At Regional Gatherings you will hear a call for all hands on deck.
The FMCIC Coast Guard ship (sorry about bordering on being too cutesy by carrying on with this metaphor!) is setting a course focussed on saving lives – it is, after all, our calling. But, and this is very important, our starting place is PRAYER. Expect to hear a lot more about PRAYER in 2018 and to be challenged to pray differently than we have…

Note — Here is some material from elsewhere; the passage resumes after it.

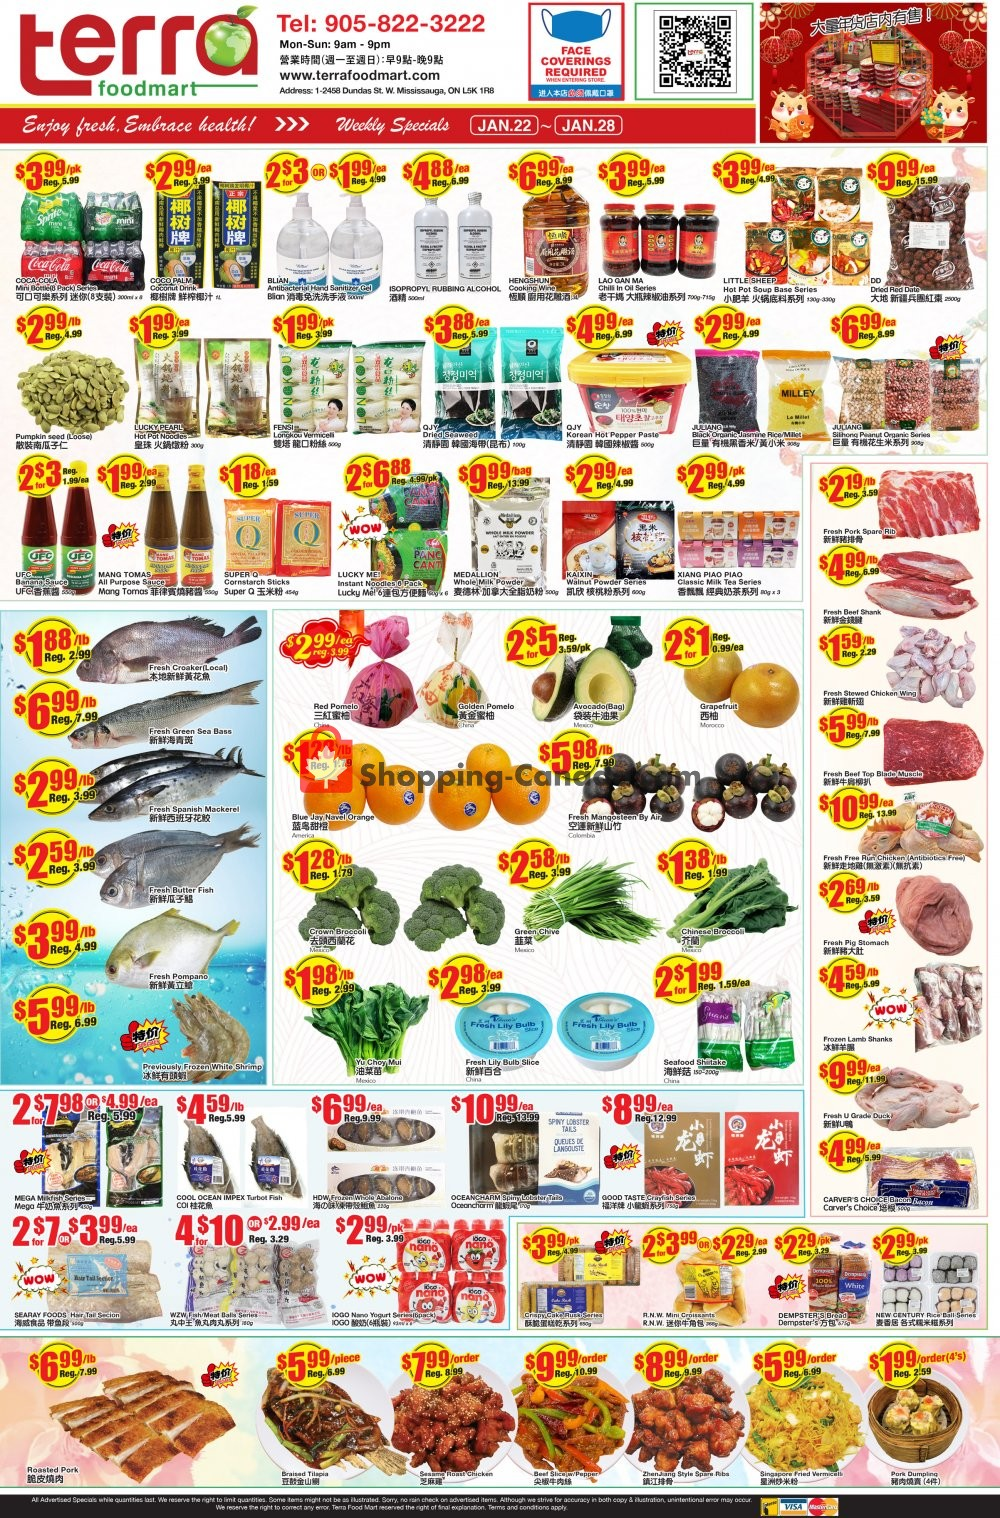 Flyer Terra Foodmart Canada - from Friday January 22, 2021 to Thursday January 28, 2021

I’m genuinely excited about this coming year and the many initiatives that you will hear about (church planting, regional coaches, national missions’ team, children’s team, talks with other denominations, partnerships, training, planned giving) but for now I am raising only one flag, promoting only one initiative, inviting you only into one challenge: in 2018 let’s PRAY a “new song” – differently than most of us have because we desire different outcomes right? PRAYER is deeper as we dive into it, so let’s commit to “enter the throne of grace” which is no little matter. Revival prayer is a commitment to “intercession.” Intercessory prayer is being with God on behalf of another. We too often treat intercessory prayer as us delivering a message to God about someone: “God bless Bob and Sri Lanka. Amen”, and because we do this faithfully and daily, we call it intercessory prayer. The opportunity is much richer than this. It involves “entering His presence,” being in the throne of grace, listening, asking, seeing, waiting… Let’s pray…
BTW has your church appointed a Prayer Point Person yet? Have you sent our National Prayer Director or myself their contact info?